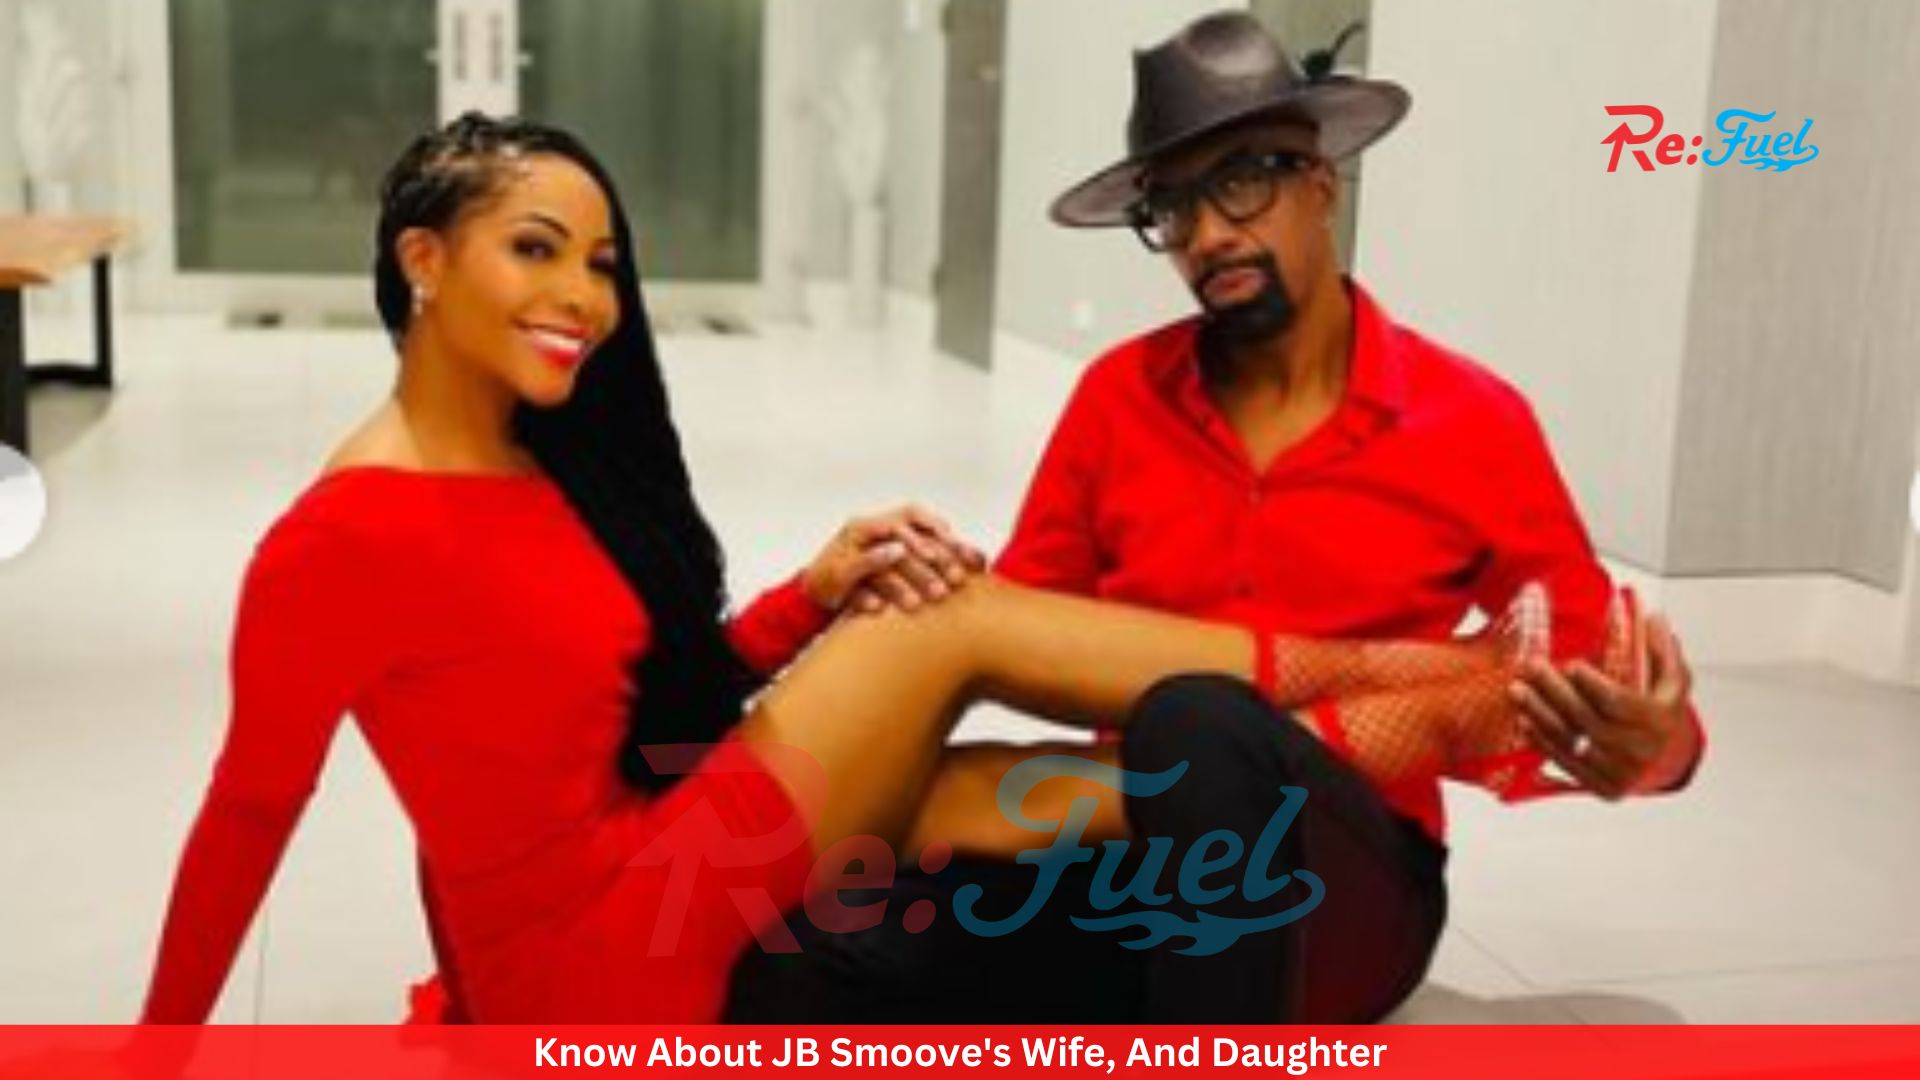 Know About JB Smoove's Wife, And Daughter
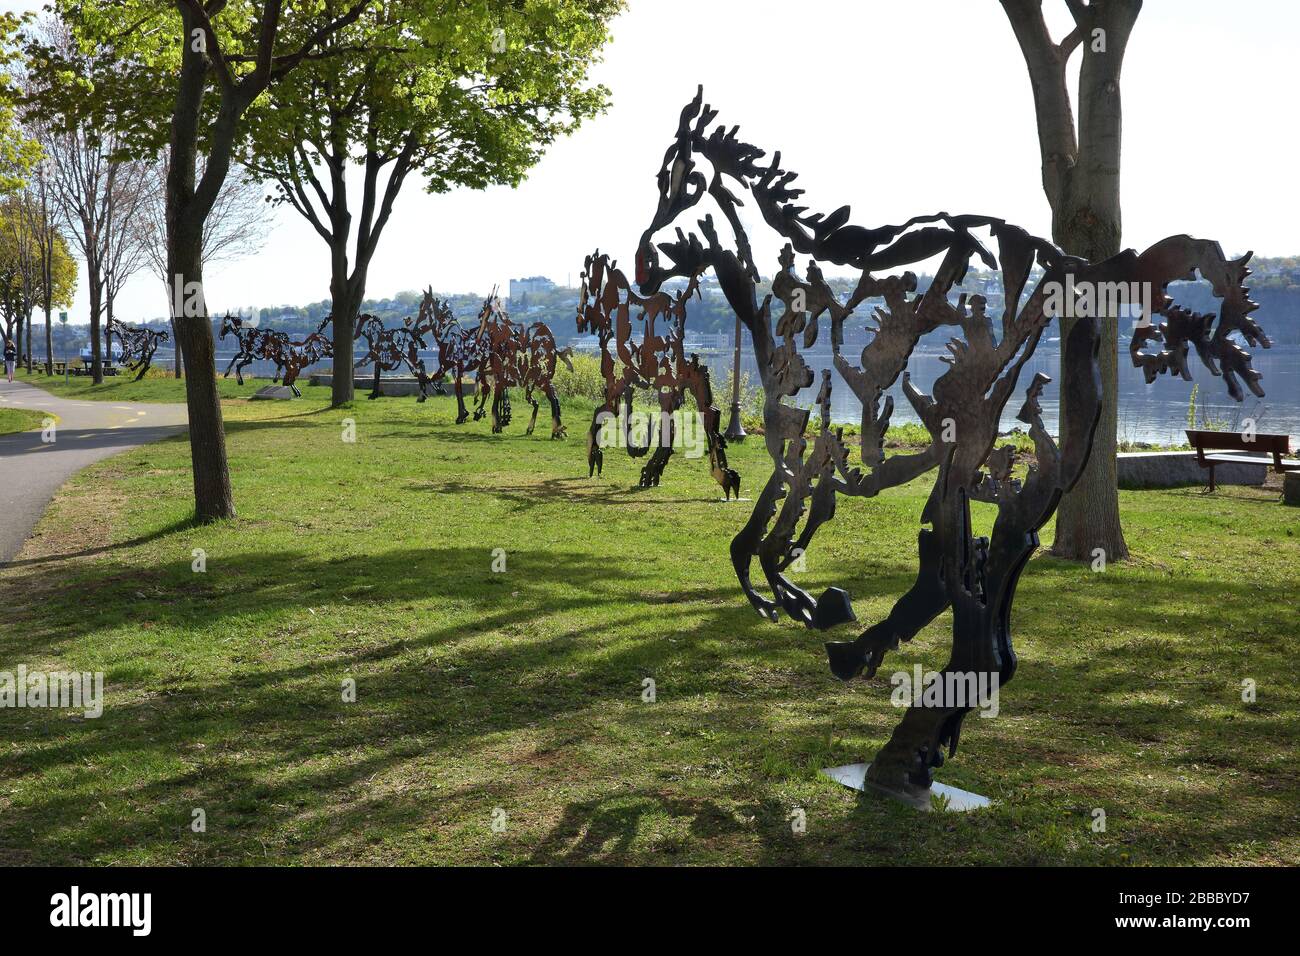 Eight life-size steel plate horses by sculptor Joe Fafard, entitled 'Do Re Mi Fa Sol La Si Do'', each with cutouts depicting scenes and figures from Quebec's past. Notre-Dame-de-la-Garde Park, Champlain Blvd, Quebec City, Quebec, Canada Stock Photo
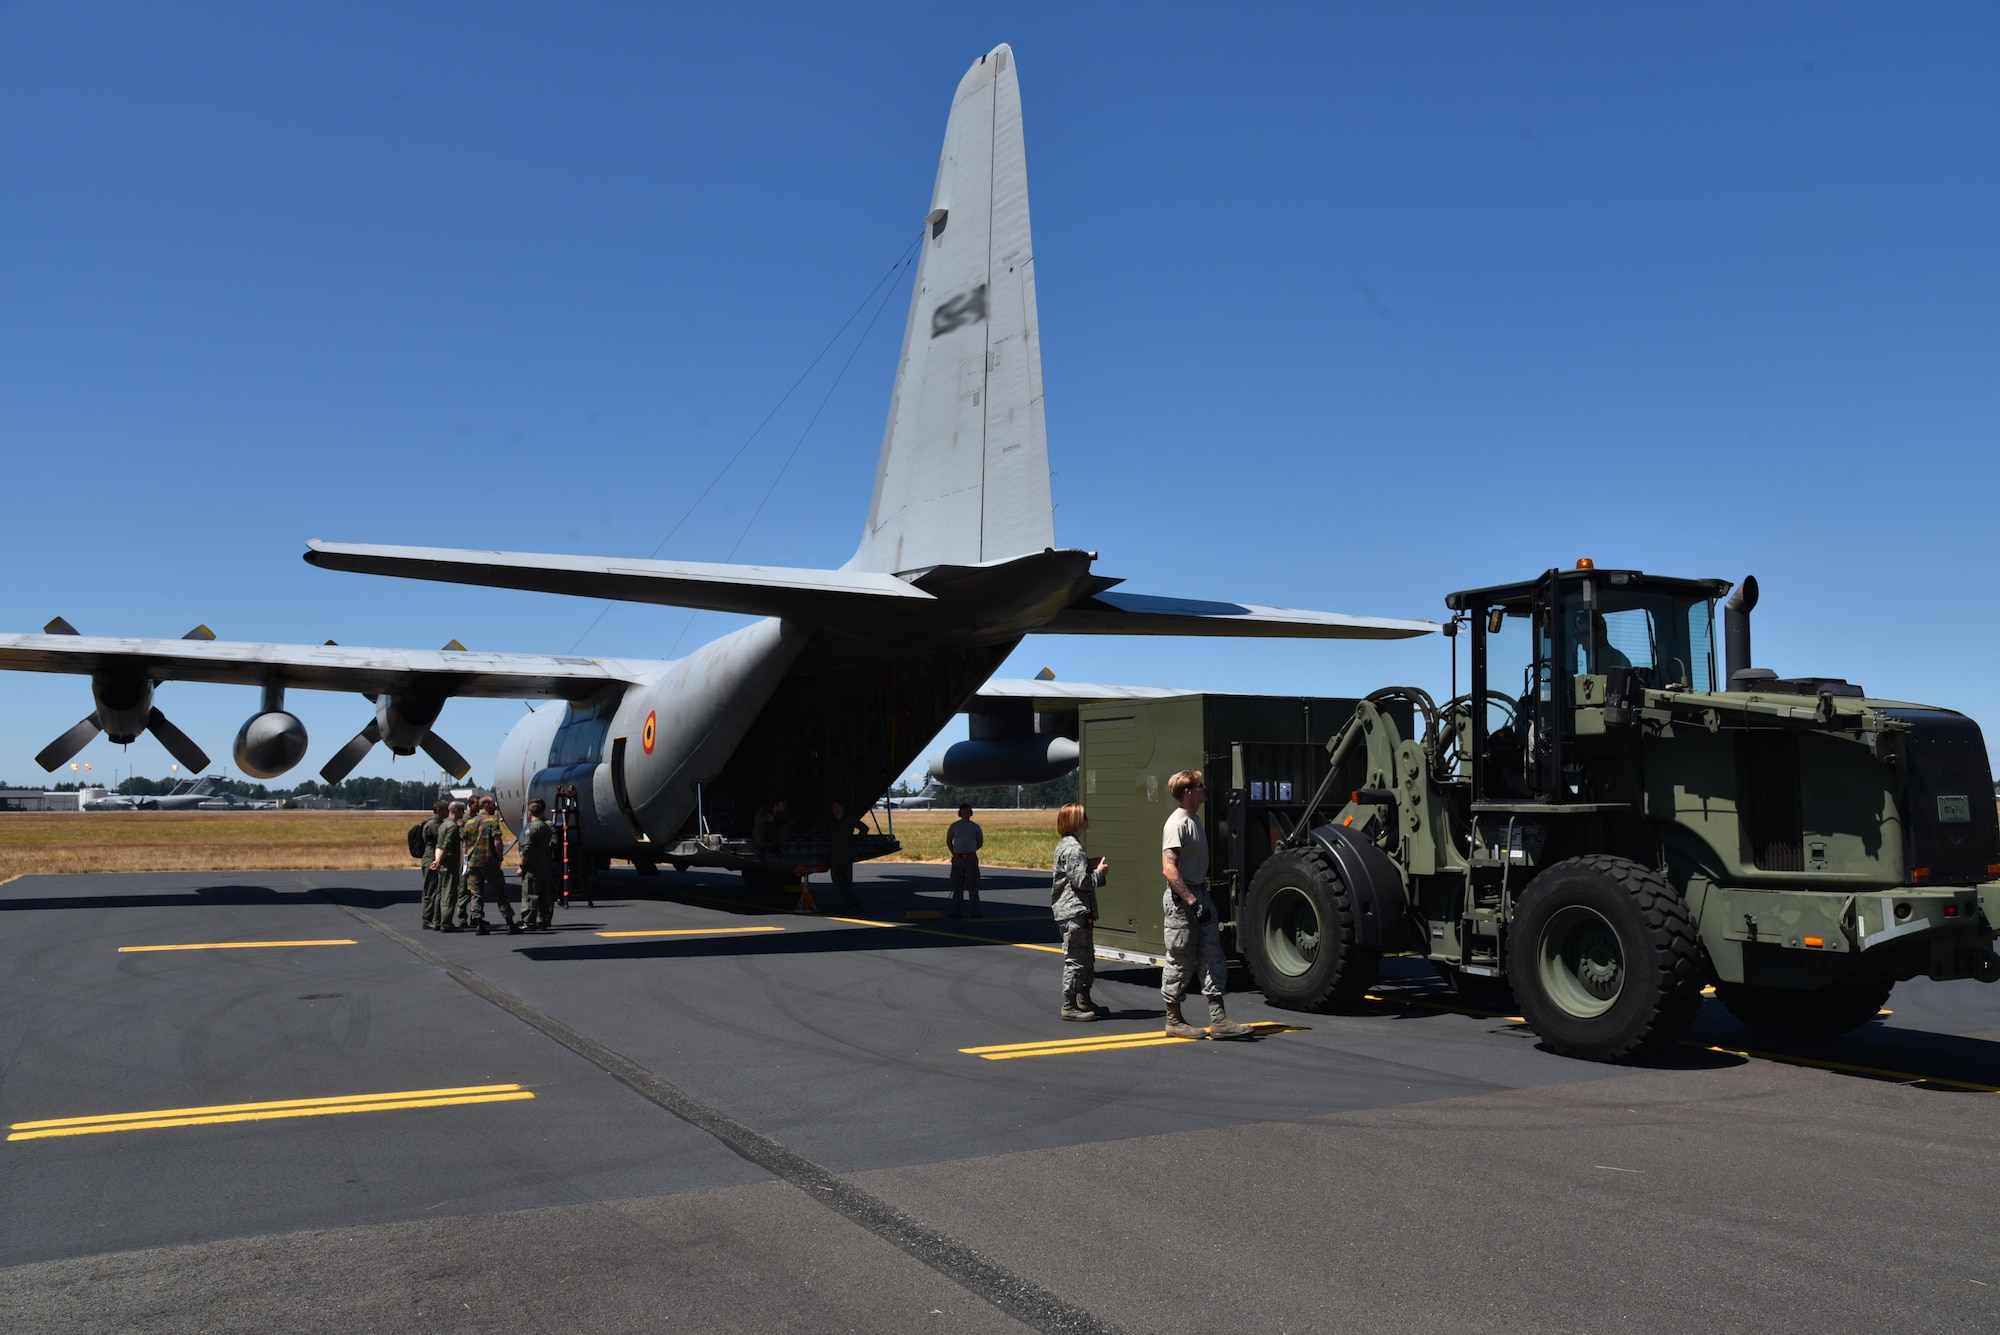 The 86th Aerial Port Squadron assists the Belgian Air Component 15th Air Transport Wing 20th Squadron with offloading cargo during their arrival to Mobility Guardian, Joint Base Lewis-McChord, Wash., July 28, 2017.  Mobility Guardian is Air Mobility Command's premier exercise, providing an opportunity for the Mobility Air Forces to train with joint and international partners in airlift, air refueling, aeromedical evacuation and mobility support. (U.S. Air Force photo manipulation by Staff Sgt. Jael Laborn)

::::::::

== Work to complete ==
Give every line above again exactly, with no pictures.

== Solution to this exercise ==
 Know About JB Smoove's Wife, And Daughter
 Eight life-size steel plate horses by sculptor Joe Fafard, entitled 'Do Re Mi Fa Sol La Si Do'', each with cutouts depicting scenes and figures from Quebec's past. Notre-Dame-de-la-Garde Park, Champlain Blvd, Quebec City, Quebec, Canada Stock Photo
 The 86th Aerial Port Squadron assists the Belgian Air Component 15th Air Transport Wing 20th Squadron with offloading cargo during their arrival to Mobility Guardian, Joint Base Lewis-McChord, Wash., July 28, 2017.  Mobility Guardian is Air Mobility Command's premier exercise, providing an opportunity for the Mobility Air Forces to train with joint and international partners in airlift, air refueling, aeromedical evacuation and mobility support. (U.S. Air Force photo manipulation by Staff Sgt. Jael Laborn)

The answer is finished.